The plan describes how the project was controlled, as well as the internal reviews that were required. GA-ESI measured task completions and required frequent meetings to discuss status, tasks, and issues observed. Also, GA-ESI required that software quality be implemented in accordance with the USUHS/AFRRI Software Quality Assurance Verification and Validation Plan (SQAP) for the AFRRI TRIGA reactor.
The plan required the use of a tracking tool to record, track, and disposition of issues and failures throughout the development lifecycle. Further, in circumstances requiring changes to the established software baseline, disposition of these changes required approval by the project cross functional team or the change control board.

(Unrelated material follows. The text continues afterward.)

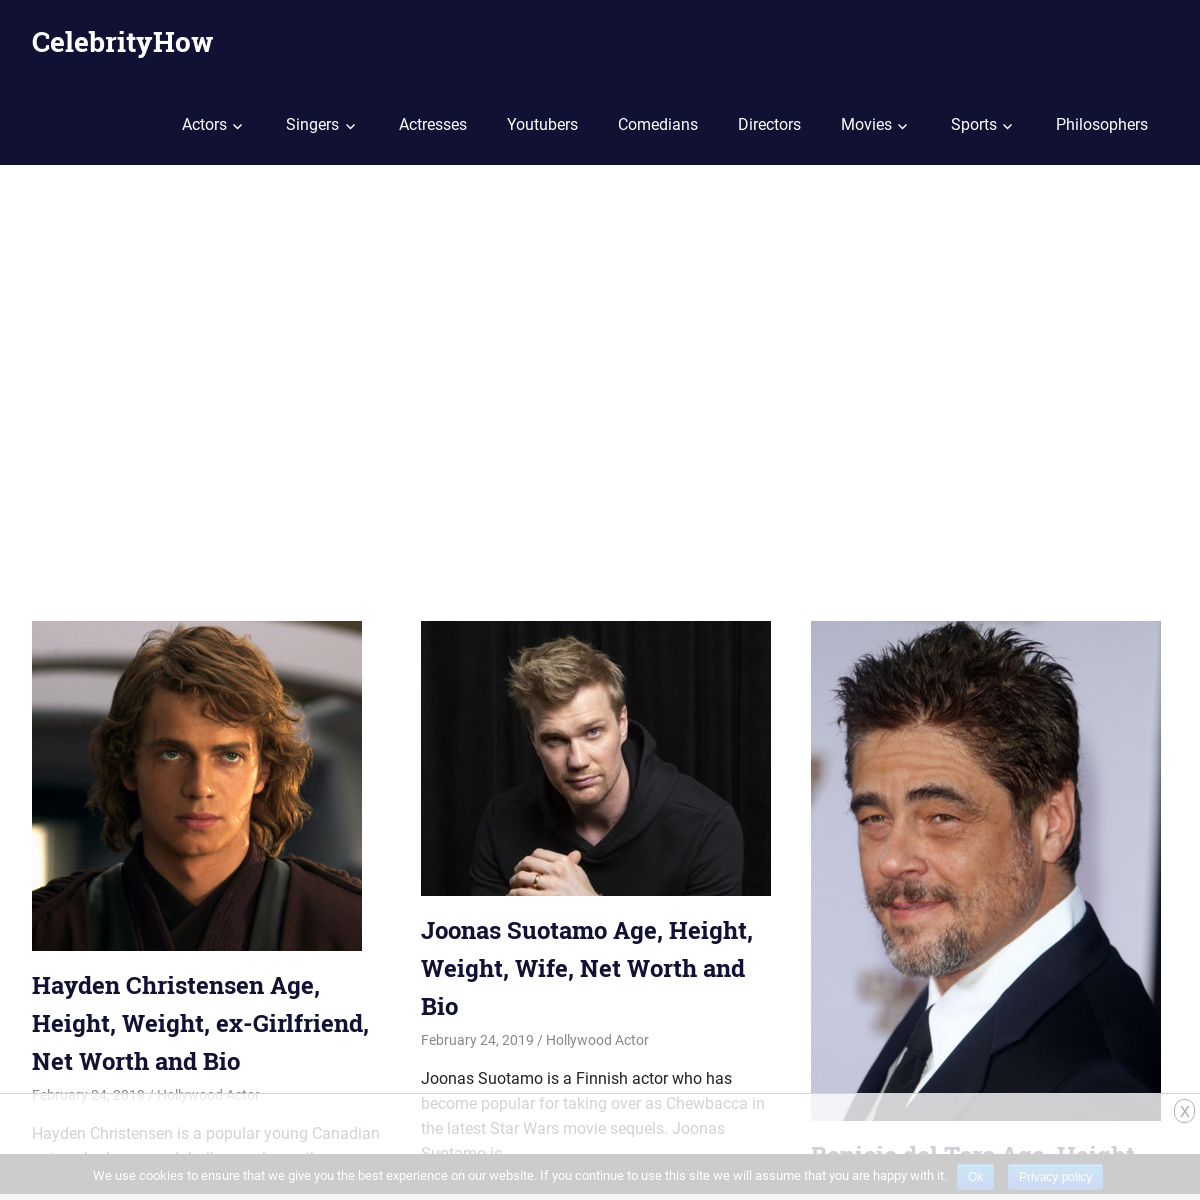 A complete backup of celebrityhow.com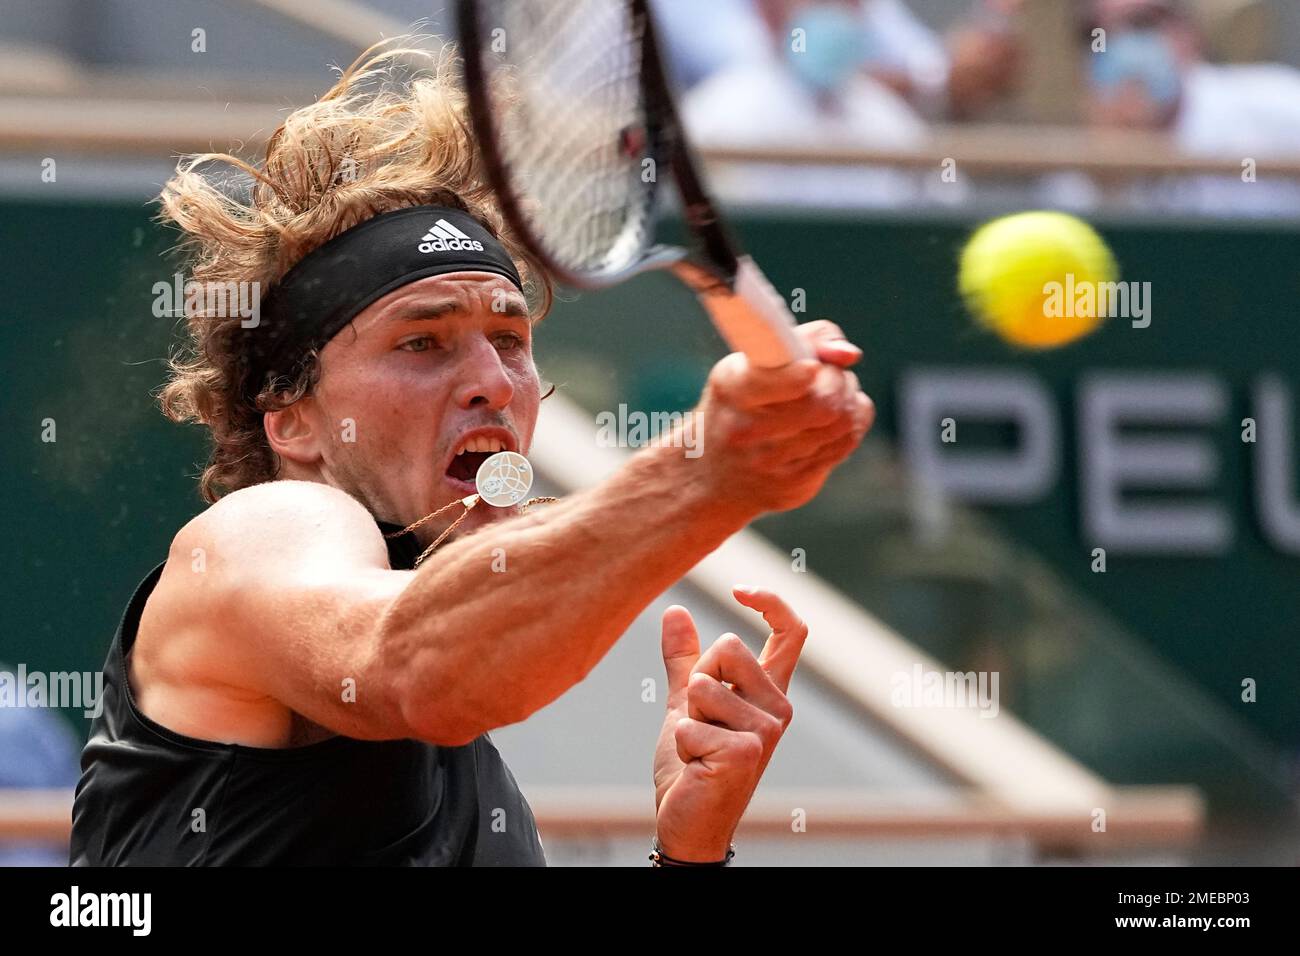 Germanys Alexander Zverev returns the ball to Stefanos Tsitsipas of Greece during their semifinal match of the French Open tennis tournament at the Roland Garros stadium Friday, June 11, 2021 in Paris

Software Configuration Management Plan During the virtual part of the audit, the NRC staff reviewed the TRIGA AFRRI Software Configuration Management Plan, T3S900D906-DOC, Revision X1. This document describes guidelines to manage changes to the TRIGA software in accordance with the requirements identified by AFRRI. The software configuration management plan (SCMP) was used to identify, track, and control changes made to project documentation, software source code, software build artifacts, test tools, and test artifacts. This SCMP was applied to the control console and nuclear instruments proposed for AFRRI TRIGA reactor.
The SCMP identifies roles and responsibilities assigned to GA, as well as the management of software configuration process. This document also describes activities associated and required as part of software configuration management, including configuration identification, configuration control, configuration evaluations and reviews, and release management and deliveries. The SCMP describes the resources used to support configuration management during the software development.
For configuration identification, the SCMP describes naming convention and tools utilized to maintain and store configuration items (e.g., the server data where the software source code is kept).
For configuration control, the SCMP describes the creation of a baseline to provide a reference point for each configuration item. This document also describes the process to request, evaluate, and approve changes after a baseline is established.
Note: because the revision number for the reviewed document is not conventional, during the audit, the NRC staff reviewed the GA Operating Procedure for Design Control, Document Number: OP 4.0-140, Revision R. This document describes the process to control design documents. The NRC staff also reviewed the GA Operating Procedure for Standard Configuration Identification, Revision D. This document identifies policies and procedures to assign numbers to drawings and documents.
Software Quality Assurance and Verification and Validation Plan During the audit, the NRC staff reviewed the General Atomics-Electronics Systems Inc.
(GA-ESI) USUHS/AFRRI Software Quality Assurance Verification and Validation Plan, T3S99001-SQAP, Revision X3. This document defines the software quality organization; roles and responsibilities; software quality tasks, verification and validation tasks and responsibilities; standards, practices and conventions used; and tools, techniques, and methods used.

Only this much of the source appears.